NULL (default) or a list of arguments to be passed to calls to E from (a) MDEstimator (here this additional argument is only used if initial.est is missing), (b) getStartIC, and (c) kStepEstimator. Potential clashes with arguments of the same name in ... are resolved by inserting the items of argument list E.argList as named items, so in case of collisions the item of E.argList overwrites the existing one from ....

diagnostic

logical; if TRUE, diagnostic information on the performed integrations is gathered and shipped out as an attribute diagnostic of the return value of the estimators.

Author

Matthias Kohl Matthias.Kohl@stamats.de,
Peter Ruckdeschel peter.ruckdeschel@uni-oldenburg.de

Details

The functions compute optimally robust estimator for a given L2 differentiable parametric family; more specifically they are RMXEs, OMSEs, MBREs, and OBREs. The computation uses a k-step construction with an appropriate initial estimate; cf. also kStepEstimator. Valid candidates are e.g. Kolmogorov(-Smirnov) or von Mises minimum distance estimators (default); cf. Rieder (1994) and Kohl (2005).
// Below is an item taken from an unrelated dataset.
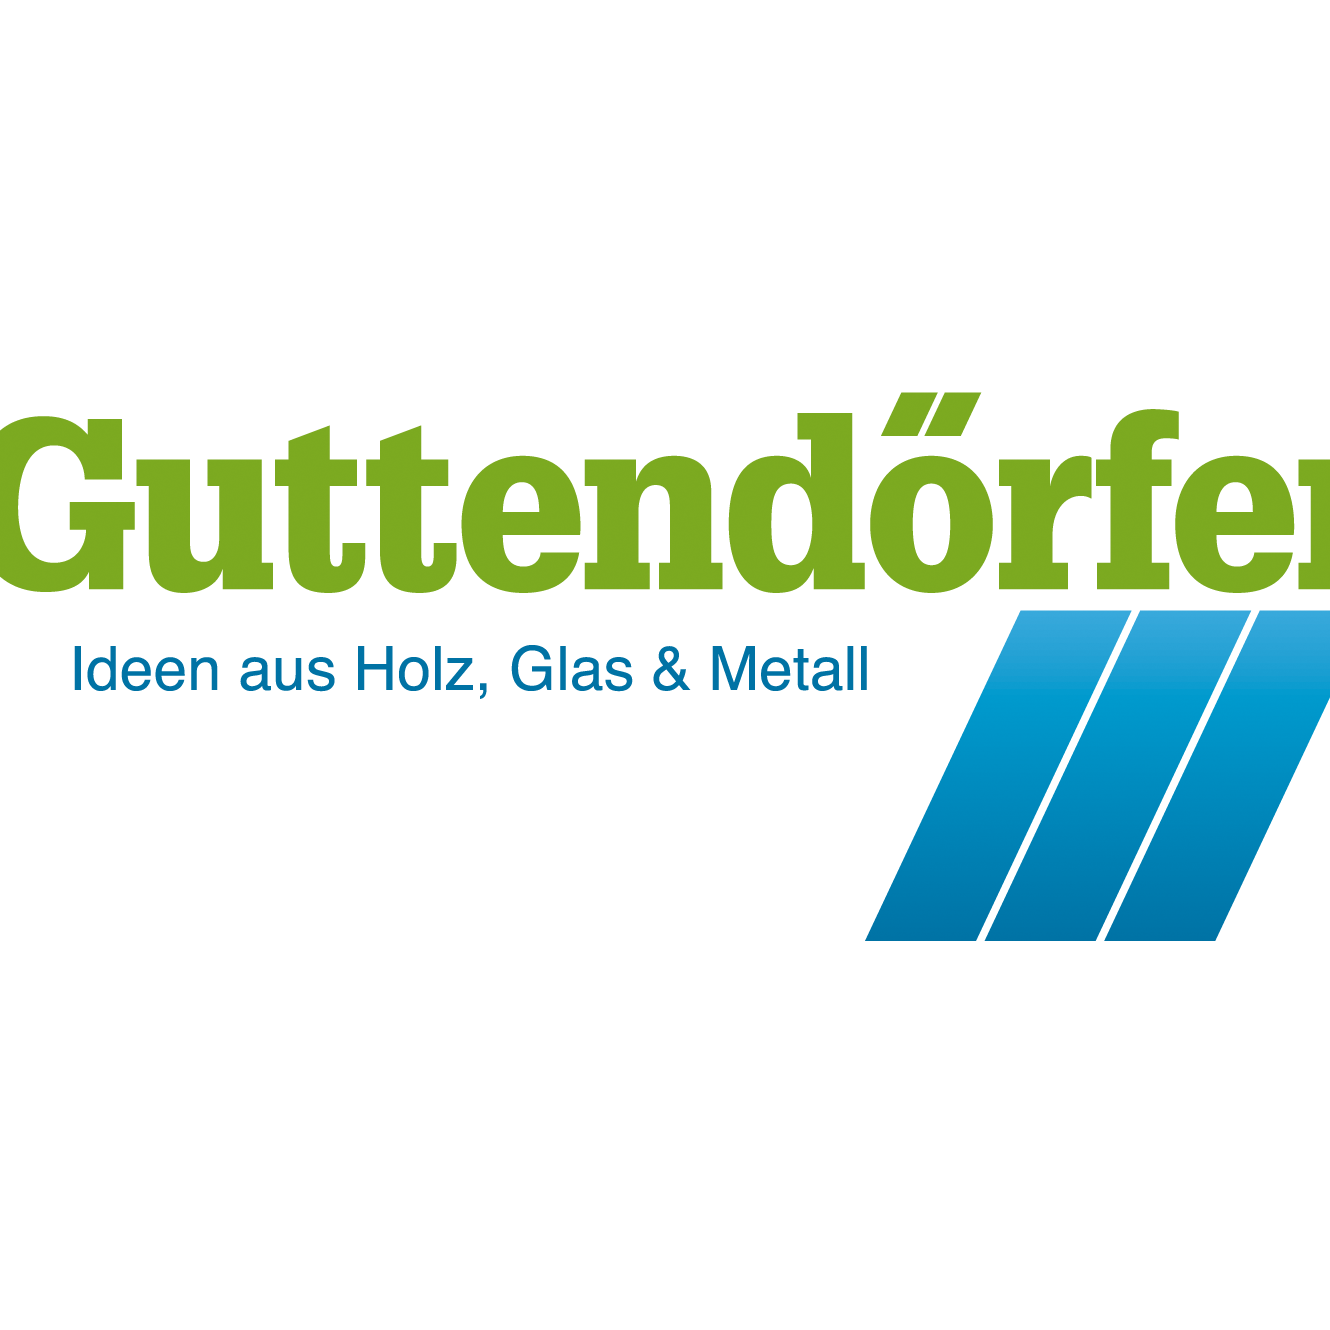 Guttendörfer GmbH & Co. KG

For OMSE, i.e., the asymptotically linear estimator with minimax mean squared error on this neighborhood of given size, the amount of gross errors (contamination) is assumed to be known, and is specified by eps. The radius of the corresponding infinitesimal contamination neighborhood is obtained by multiplying eps by the square root of the sample size.

If the amount of gross errors (contamination) is unknown, RMXE should be used, i.e., the radius-minimax estimator in the sense of Rieder et al. (2001, 2008), respectively Section 2.2 of Kohl (2005) is returned.

The OBRE, i.e., the optimal bias-robust (asymptotically linear) estimator; (terminology due to Hampel et al (1985)), expects an efficiency loss (at the ideal model) to be specified and then, according to an (asymptotic) Anscombe criterion computes the the bias bound achieving this efficiency loss.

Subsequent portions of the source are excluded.